-- Opening Marker --

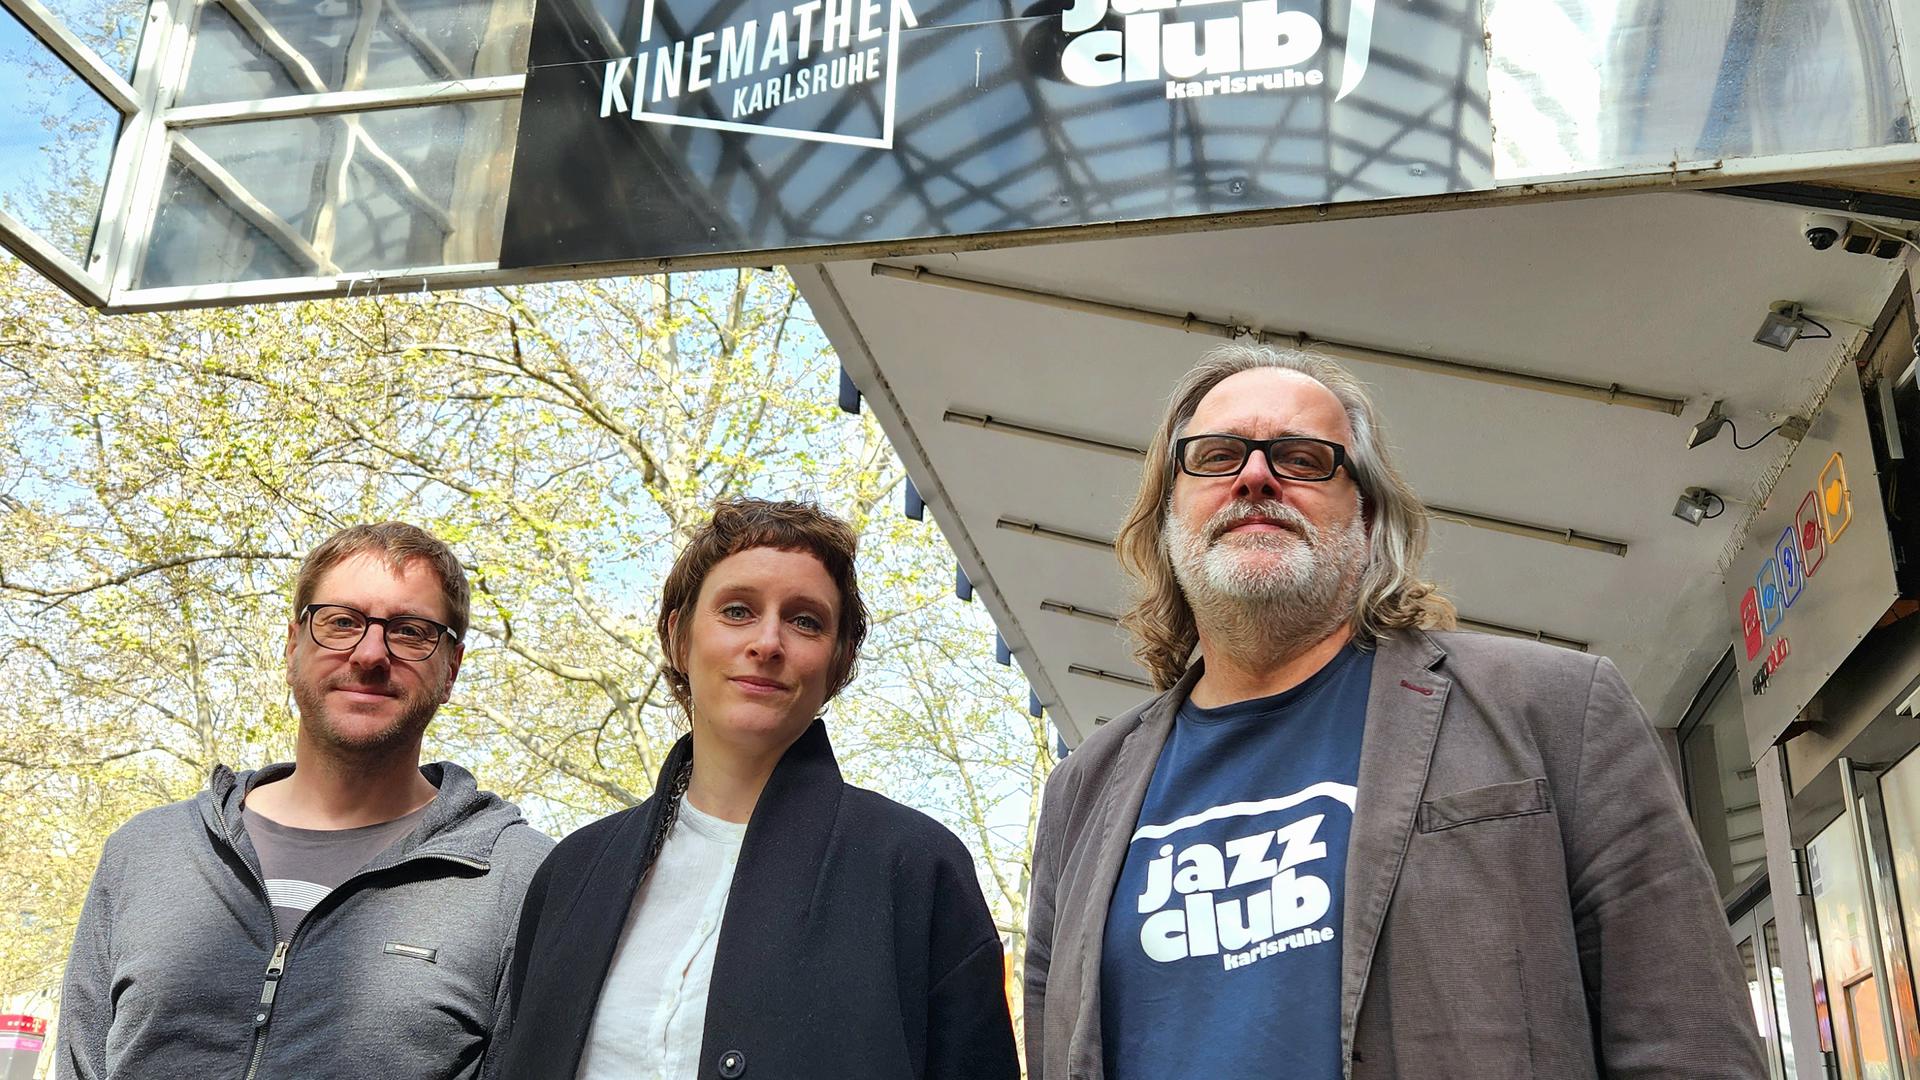 Niklas Braun, Julia Hildenbrand und Torsten Antoni vom Jazzclub Karlsruhe vor dem gemeinsamen Schild mit der Kinemathek in der Kaiserpassage. 
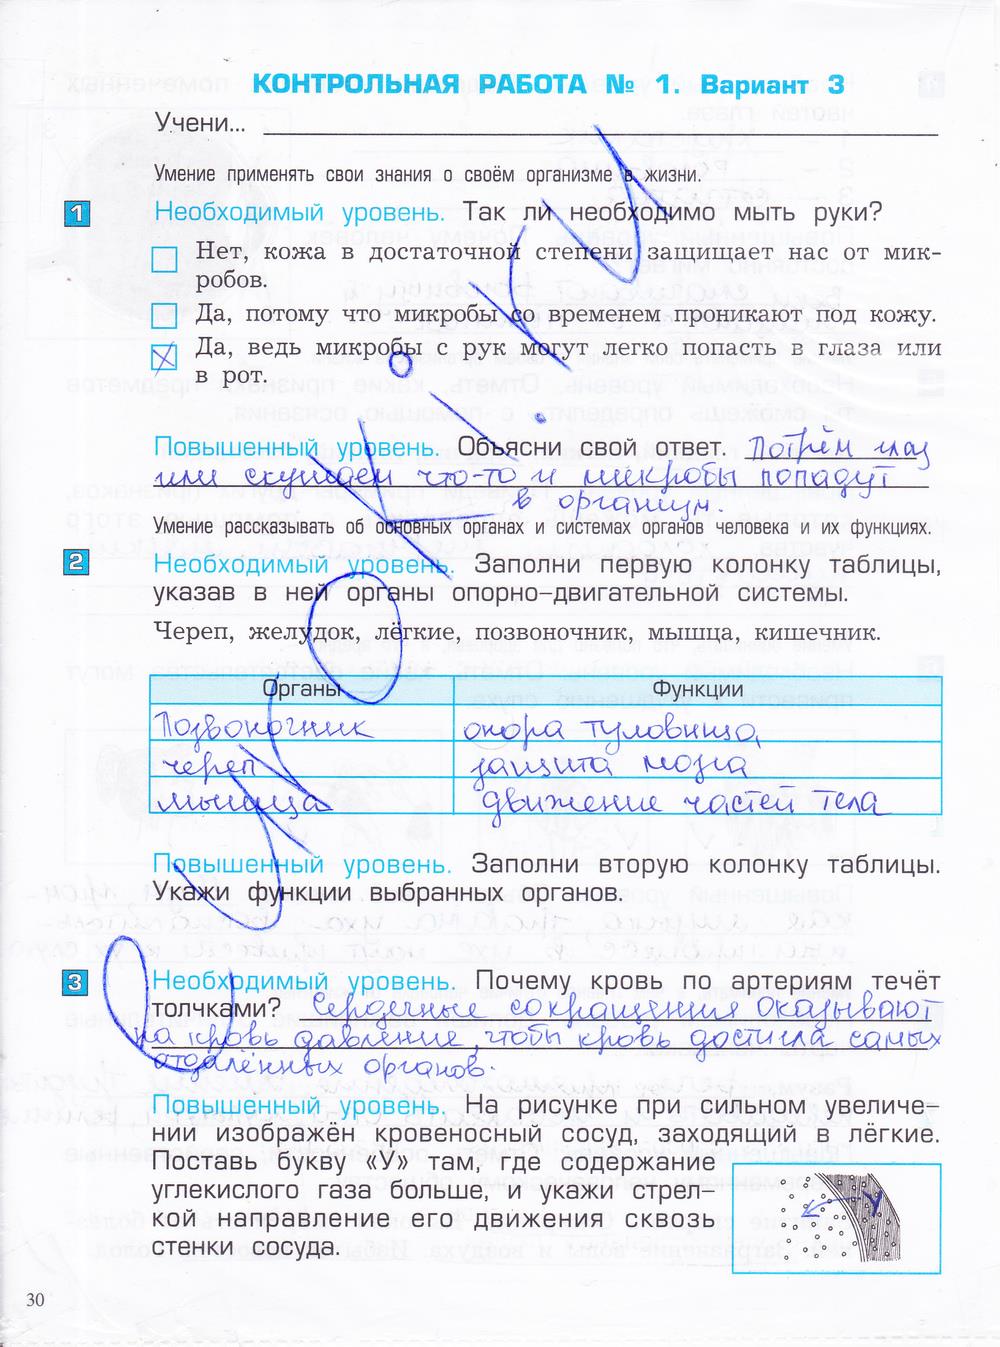 гдз 4 класс проверочные и контрольные работы часть 1 страница 30 окружающий мир Вахрушев, Бурский, Родыгина
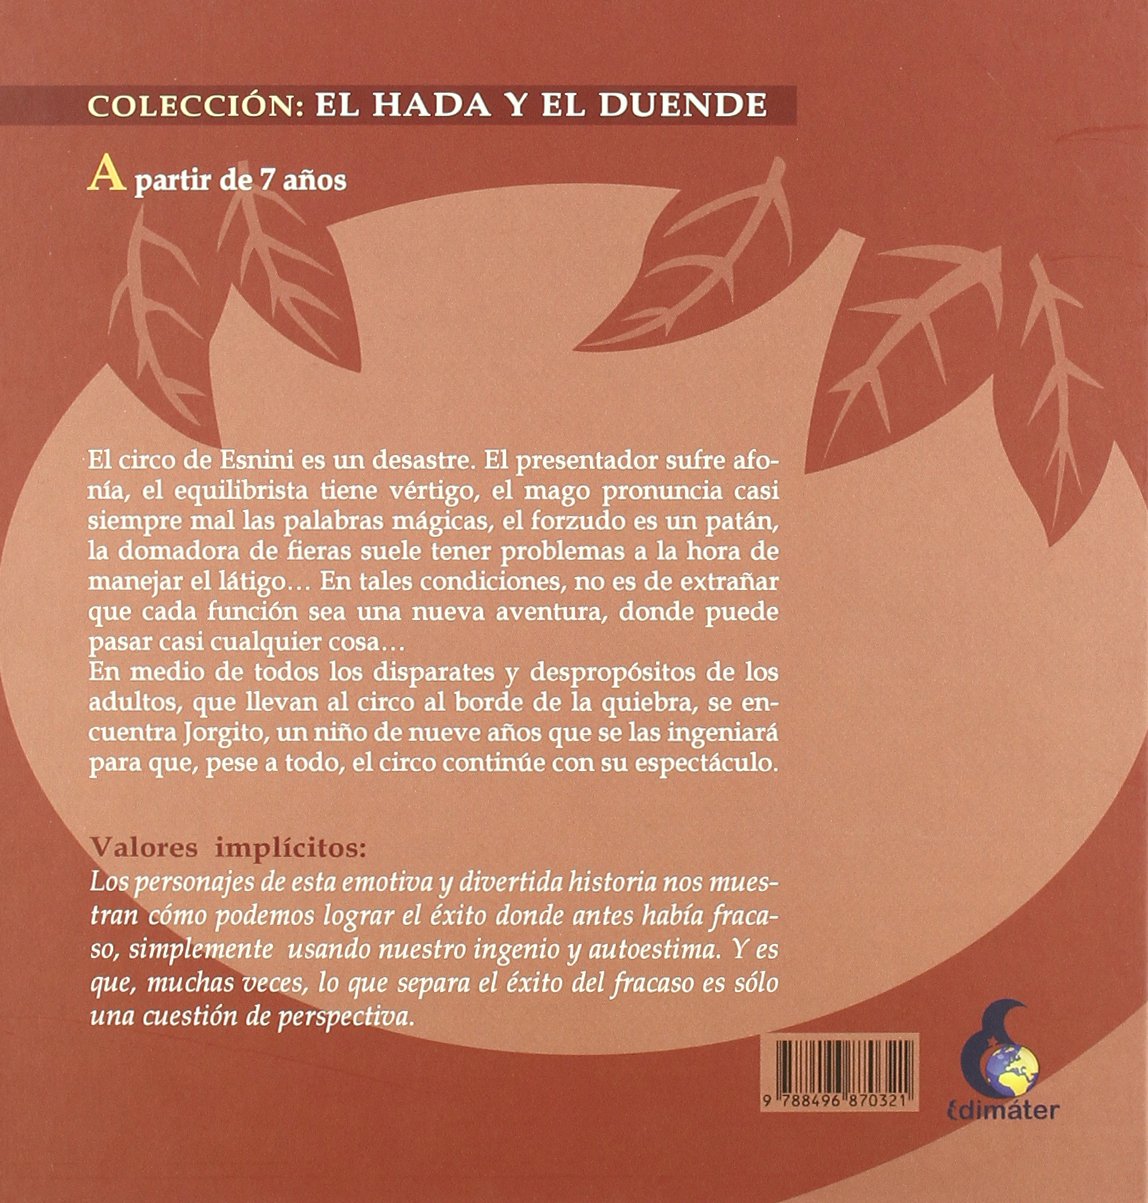 Este circo es un desastre (El Hada y el Duende) (Spanish Edition)
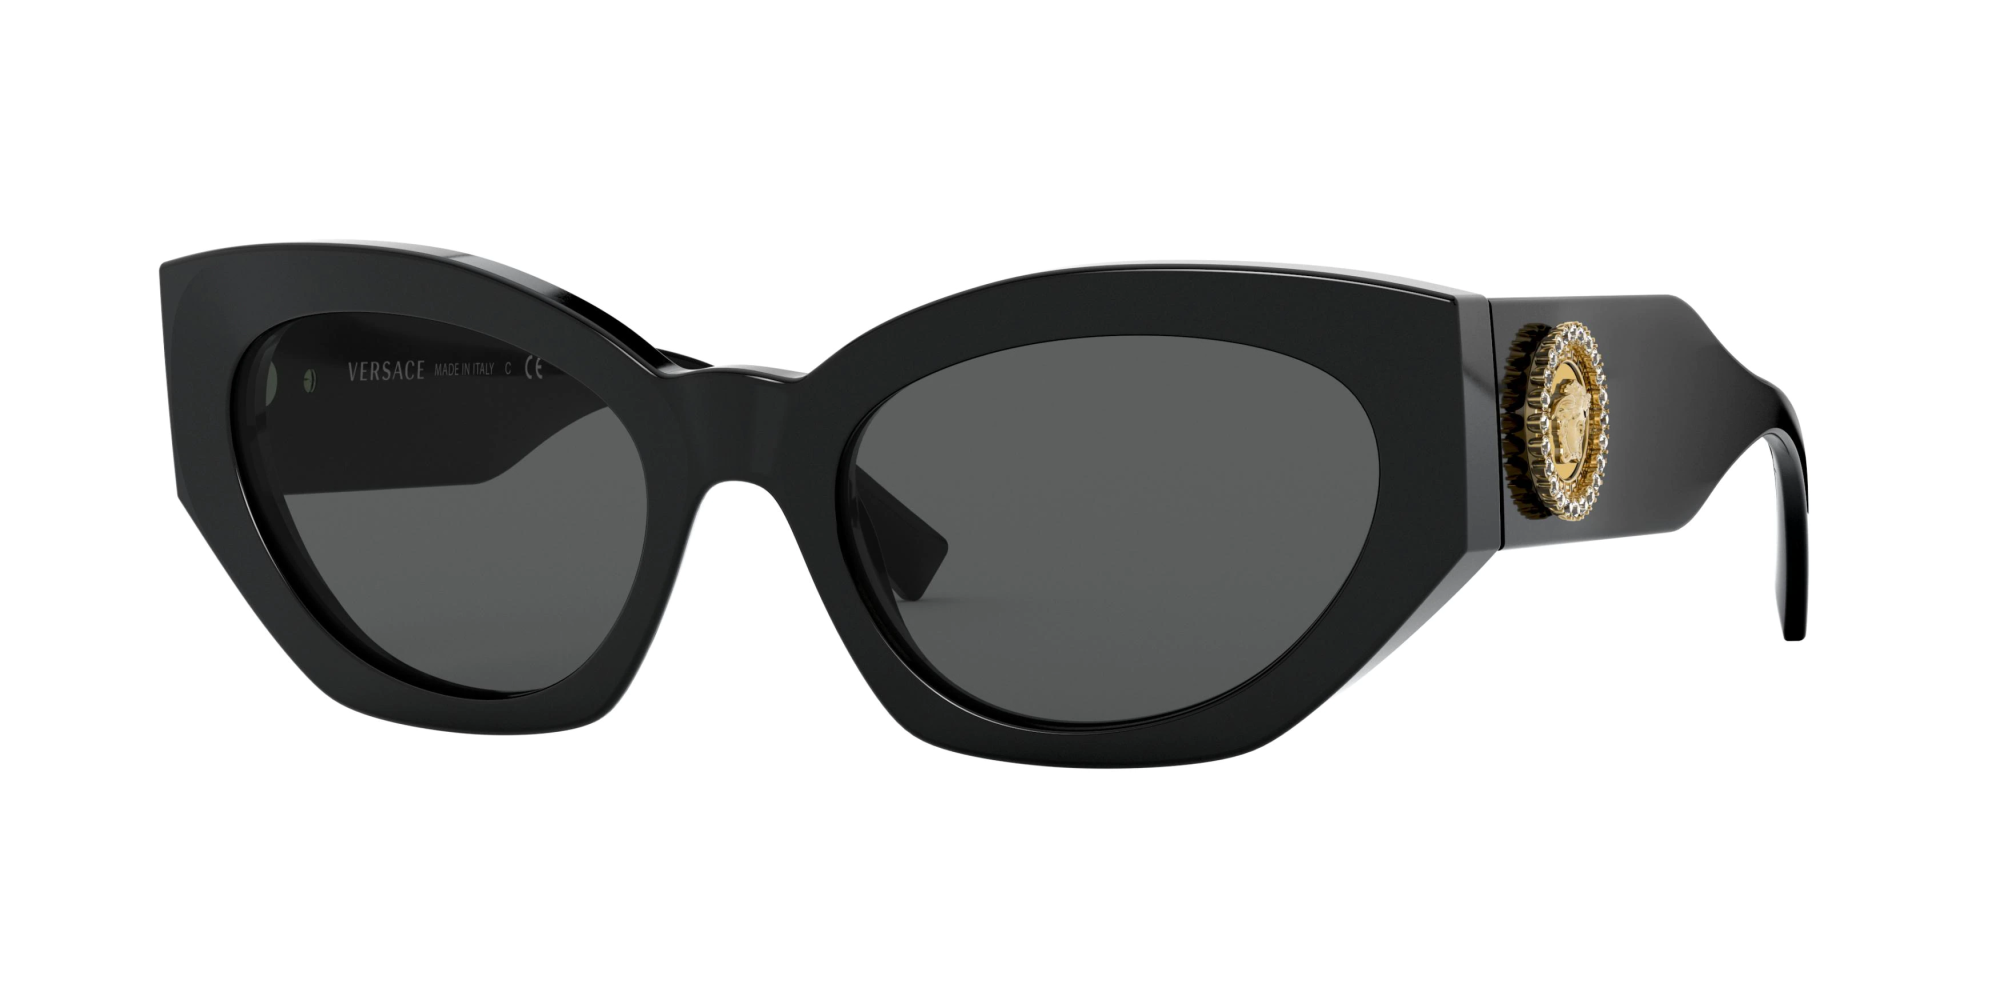 Очки Versace 4435. Versace 0ve4376b. Versace Medusa очки солнцезащитные. Очки Versace 4446.
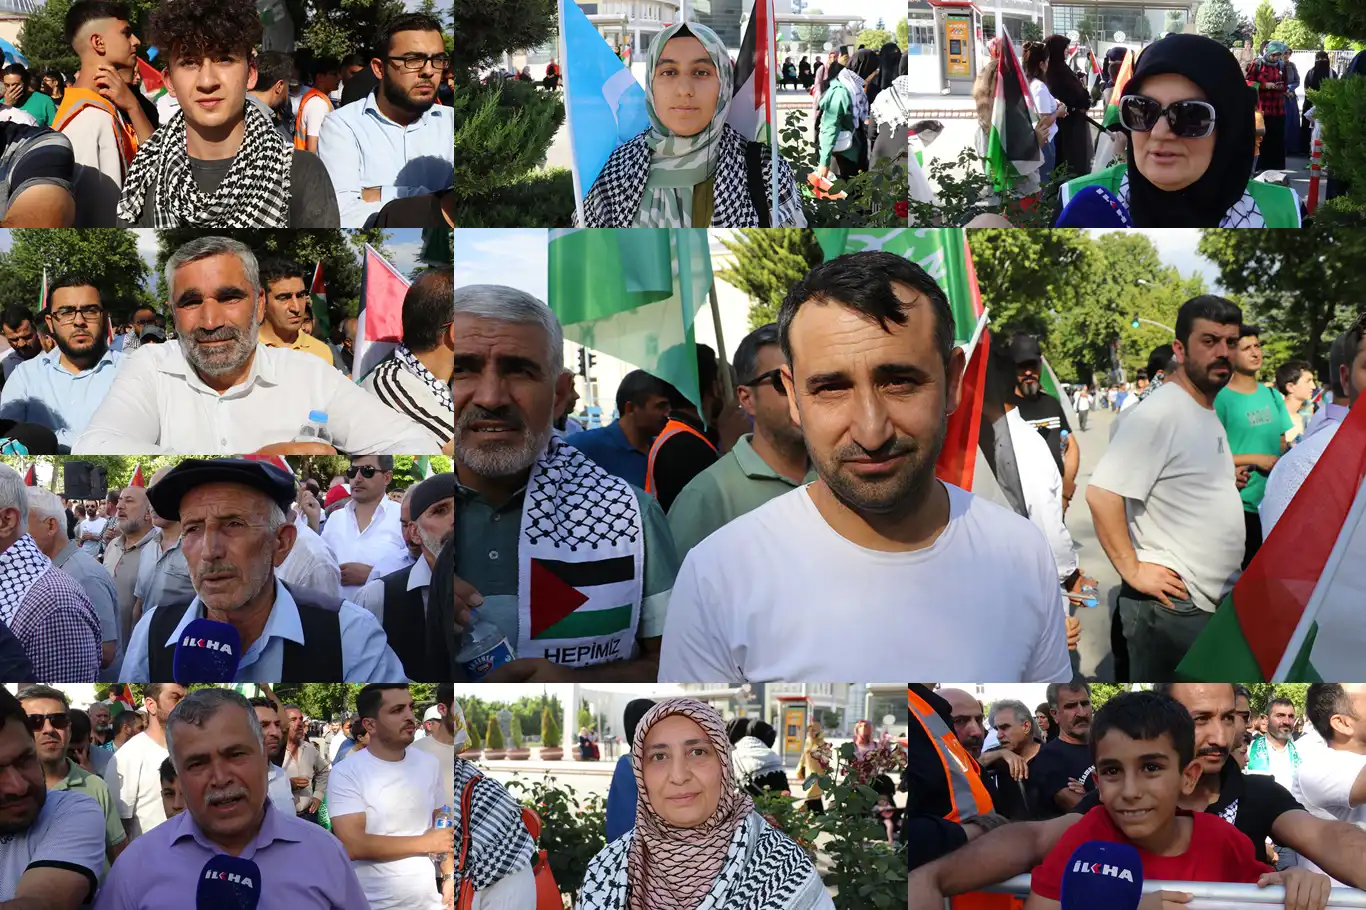 Halk: Gazze'deki soykırımın son bulması için artık somut adımların atılması lazım

-- Closing Marker --

The copy must reproduce the listing above verbatim and contain no pictures.

 Niklas Braun, Julia Hildenbrand und Torsten Antoni vom Jazzclub Karlsruhe vor dem gemeinsamen Schild mit der Kinemathek in der Kaiserpassage. 
 гдз 4 класс проверочные и контрольные работы часть 1 страница 30 окружающий мир Вахрушев, Бурский, Родыгина
 Este circo es un desastre (El Hada y el Duende) (Spanish Edition)
 Очки Versace 4435. Versace 0ve4376b. Versace Medusa очки солнцезащитные. Очки Versace 4446.
 Halk: Gazze'deki soykırımın son bulması için artık somut adımların atılması lazım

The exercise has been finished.